別の説明がない限り、本明細書中で使用される全ての技術用語および科学用語は、本開示が属する当業者によって一般的に理解されているものと同じ意味を有する。単数を示す用語「a」、「an」、および「the」は、文脈上別の意味が明確に示されない限り、複数形を含む。「AまたはBを含む」は、AもしくはBまたはAおよびBを含むことを意味する。核酸またはポリペプチドについて与えられた全ての塩基サイズまたはアミノ酸サイズおよび全ての分子量または分子質量の値は近似値であり、説明のために提供されていることをさらに理解すべきである。本明細書中に記載の方法および材料に類似するか等価な方法および材料を本開示の実施または試験で使用することができるが、適切な方法および材料を以下に記載する。本明細書中で言及した全ての刊行物、特許出願、特許、および他のリファレンスは、その全体が参考として援用される。矛盾する場合、本明細書(用語の説明が含まれる)に従う。さらに、材料、方法、および実施例は、例証のみを目的とし、本発明の制限を意図しない。
III.いくつかの実施形態の概要
本明細書中で開示されるのは、インフルエンザウイルスに対して広い反応性を示す免疫応答を誘発するための計算で最適化したH2N2、H3N2およびBインフルエンザHAポリペプチドの生成である。上記最適化したHAポリペプチドを、一連のHAタンパク質アラインメント、ならびに選択されたH2N2、H3N2およびBインフルエンザウイルス分離株に基づいて、コンセンサス配列のその後の生成を介して作製した。上記最適化されたHAコンセンサス配列を生成するために使用される方法は、実施例1〜3に記載され、図1〜7に示される。10個の特異的HAポリペプチドのアミノ酸配列は、配列番号1〜11として本明細書に示される。
本明細書中で提供されるのは、H2N2、H3N2もしくはBインフルエンザに対して広い反応性を示す免疫応答を誘発するために最適化されたアミノ酸配列を有する組換えインフルエンザHAポリペプチドである。
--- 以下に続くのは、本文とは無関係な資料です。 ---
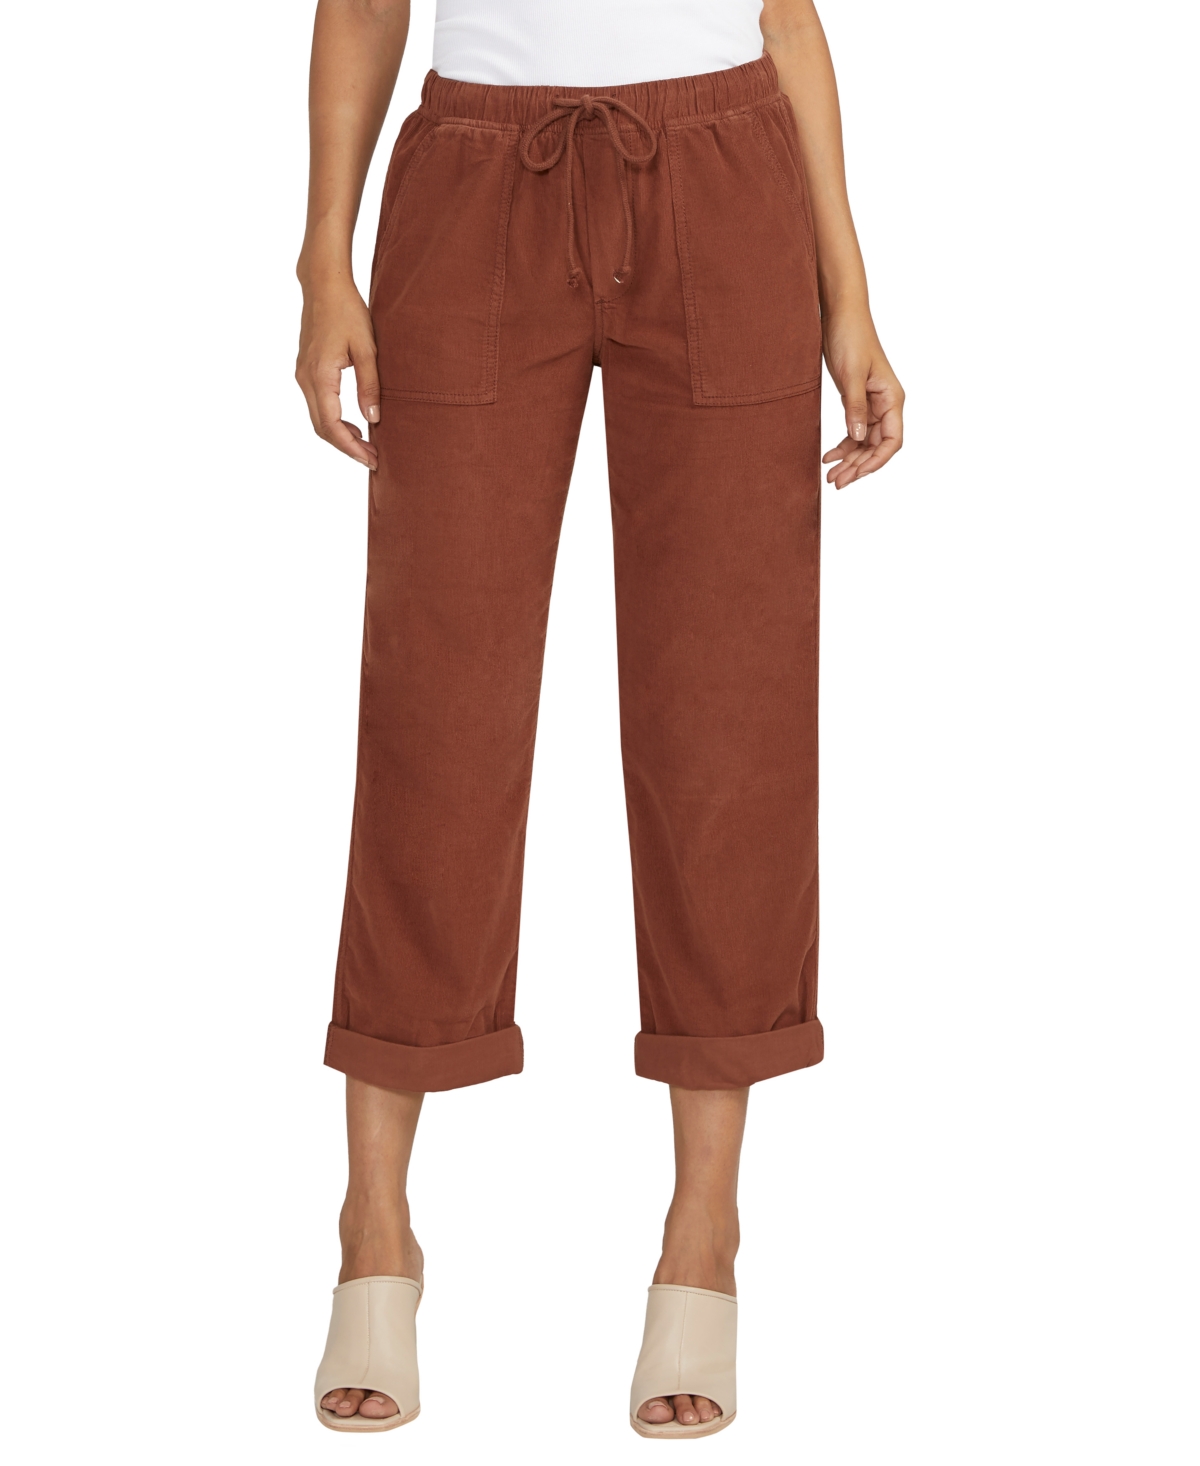 Women's Relaxed Drawstring Pants - Olive

いくつかの実施形態では、上記HAポリペプチドは、以下を含む:配列番号1の残基2〜562と少なくとも99.6%同一なアミノ酸配列;配列番号2の残基2〜562と少なくとも99.4%同一なアミノ酸配列;配列番号3の残基2〜562を含むアミノ酸配列;配列番号4の残基2〜562と少なくとも99.7%同一なアミノ酸配列;配列番号5の残基2〜584と少なくとも99.6%同一なアミノ酸配列;配列番号6の残基2〜585と少なくとも98.8%、少なくとも99%もしくは少なくとも99.5%同一なアミノ酸配列;配列番号7の残基2〜585を含むアミノ酸配列;配列番号8の残基2〜566と少なくとも97.7%、少なくとも98%、少なくとも98.5%、少なくとも99%もしくは少なくとも99.5%同一なアミノ酸配列;配列番号9の残基2〜566と少なくとも98.4%、少なくとも99%もしくは少なくとも99.5%同一なアミノ酸配列;配列番号10の残基2〜566と少なくとも97.8%、少なくとも98%、少なくとも98.5%、少なくとも99%もしくは少なくとも99.5%同一なアミノ酸配列;配列番号11の残基2〜566と少なくとも98.9%、少なくとも99%もしくは少なくとも99.5%同一なアミノ酸配列。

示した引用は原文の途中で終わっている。